So, I am currently working on graph sampling and developed an algorithm to do this on multiple CPU cores. It uses a lock-free hash set and a locking job queue. Basically, a thread gets a job from the queue and during processing the job, it might add jobs to the queue. This is done until all jobs are finished. The hash set is used to produce unique samples across all threads and the main activity a thread does, is inserting a sample into the hash set. That's why I implemented the hash-set to be lock-free. This is what I followed.
I ran it on a machine with 16 cores and on a machine with 24 cores, however, the single-threaded version of the algorithm is always an order of magnitude faster than the multi-threaded one.
And I don't really understand why and I ran out of ideas to try.
I first checked with perf if there is an issue with cache misses. Here are the outputs: Single-threaded:
146.062.677 cpu_core/cache-references/ (99,82%)
94.803.081 cpu_atom/cache-references/ (0,20%)
67.115.478 cpu_core/cache-misses/ (99,82%)
49.006.160 cpu_atom/cache-misses/ (0,20%)
8.206.501.423 cpu_core/cycles/ (99,82%)
5.437.332.727 cpu_atom/cycles/ (0,20%)
12.932.996.905 cpu_core/instructions/ (99,82%)
6.916.605.356 cpu_atom/instructions/ (0,20%)
2.751.128.600 cpu_core/branches/ (99,82%)
1.550.092.039 cpu_atom/branches/ (0,20%)
89.326 faults
68 migrations
1,688575537 seconds time elapsed
1,577569000 seconds user
0,112396000 seconds sys
Multi-threaded:
264.637.972 cpu_core/cache-references/ (81,19%)
57.264.669 cpu_atom/cache-references/ (33,65%)
116.415.033 cpu_core/cache-misses/ (81,19%)
1.638.935 cpu_atom/cache-misses/ (33,65%)
26.938.532.172 cpu_core/cycles/ (81,19%)
14.019.200.396 cpu_atom/cycles/ (33,65%)
23.240.603.882 cpu_core/instructions/ (81,19%)
2.915.516.452 cpu_atom/instructions/ (33,65%)
4.629.780.022 cpu_core/branches/ (81,19%)
563.800.488 cpu_atom/branches/ (33,65%)
229.810 faults
474 migrations
2,308616324 seconds time elapsed
2,295040000 seconds user
4,175755000 seconds sys
So, I am not sure if I am interpreting these stats correctly, the cache references count how often something is fetched from cache and cache misses count how often those fetches have to go to the next level of memory. (I think this refers to L3 caches, right?) In the multi-thread version there are definitely more misses however also more references and the ratio is pretty much the same as for the single-threaded version.
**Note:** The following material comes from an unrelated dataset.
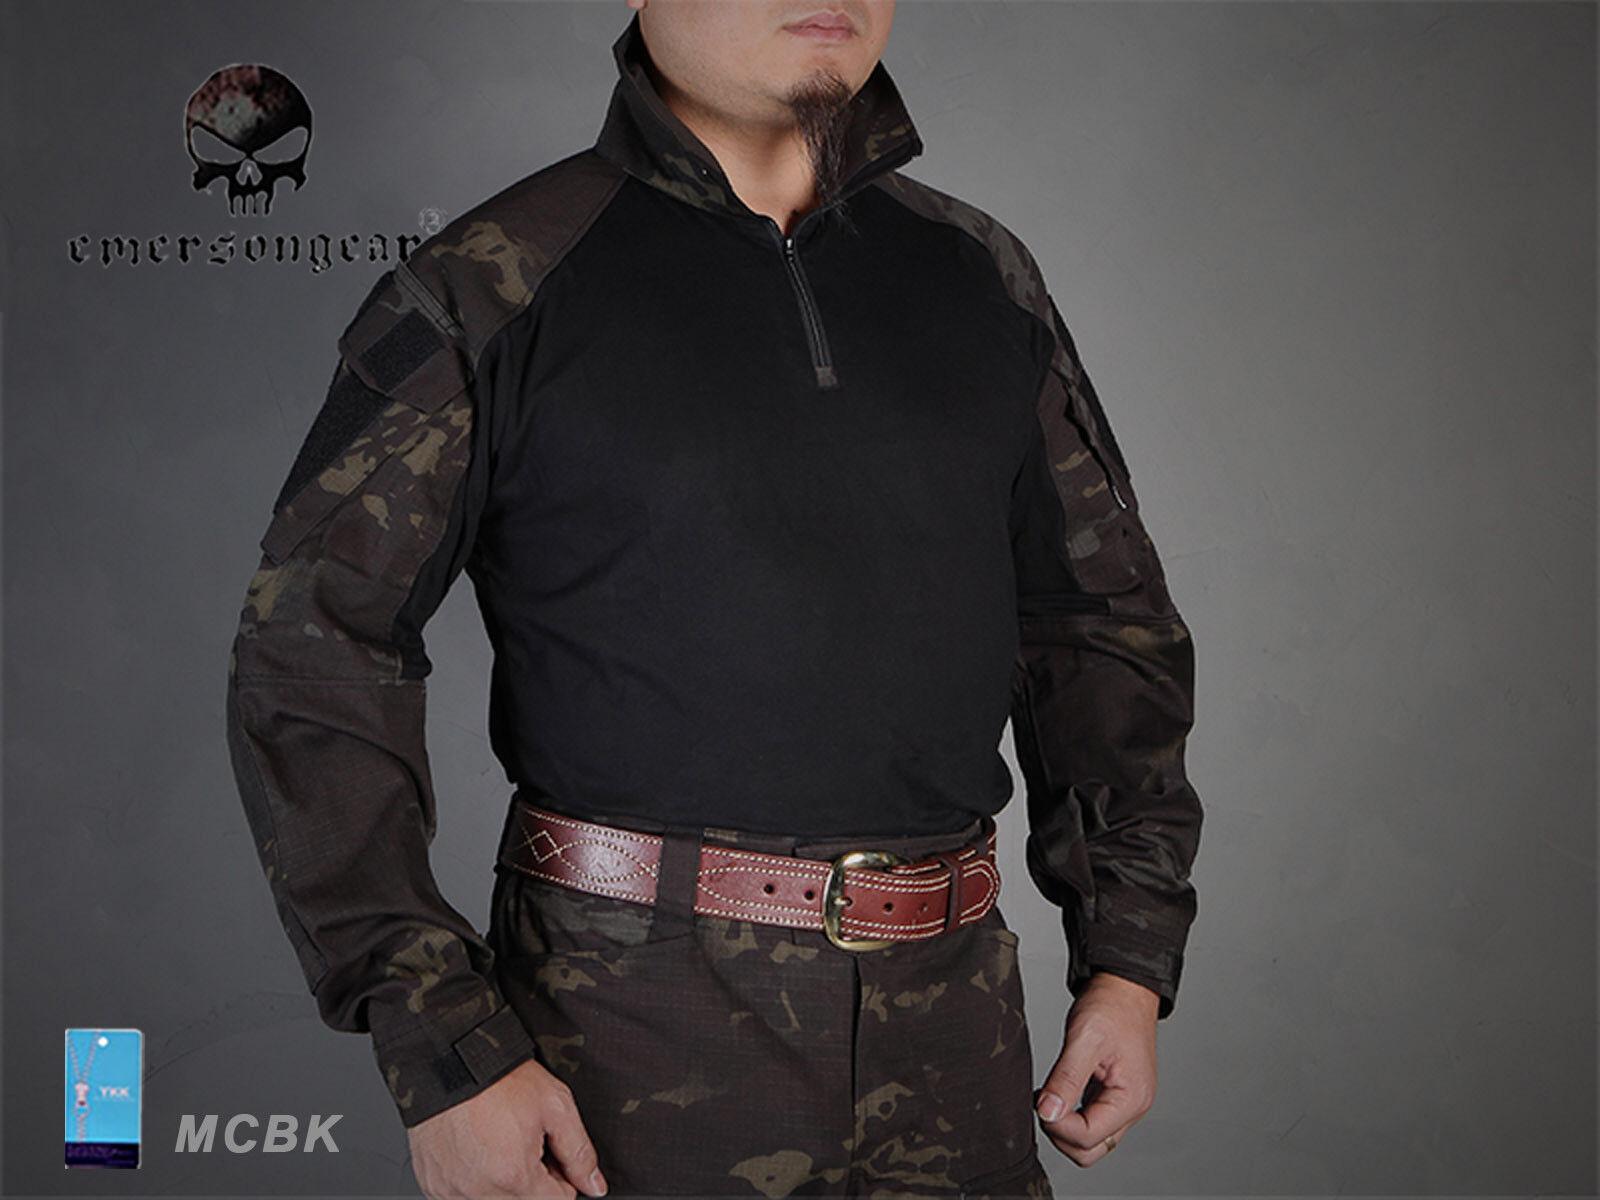 Men Airsoft Hunting Tactical bdu Shirt Emerson Combat Gen3  MCBK  fashion

Or does the ratio not matter at all?
I did also try using a lock-free job queue, however, the timing results were pretty much the same (albeit it, there is a bug there, but it only happens when the GC cleans up before the program finishes, so it shouldn't matter for the result). This however made sense to me, compared to how frequently the threads insert into the hash set, they rarely touch the queue.
I did compare it with a Python library that also does graph sampling and funnily enough, it's as slow as my multi-threaded version (at least in the order of magnitude), so I am not sure if this is a scaling issue where you need quite a lot of cores to overcome the larger overhead for thread-safe operations?
And yeah, I am currently stuck. I don't necessarily expect it to get working, but I would like to understand why there is no speedup.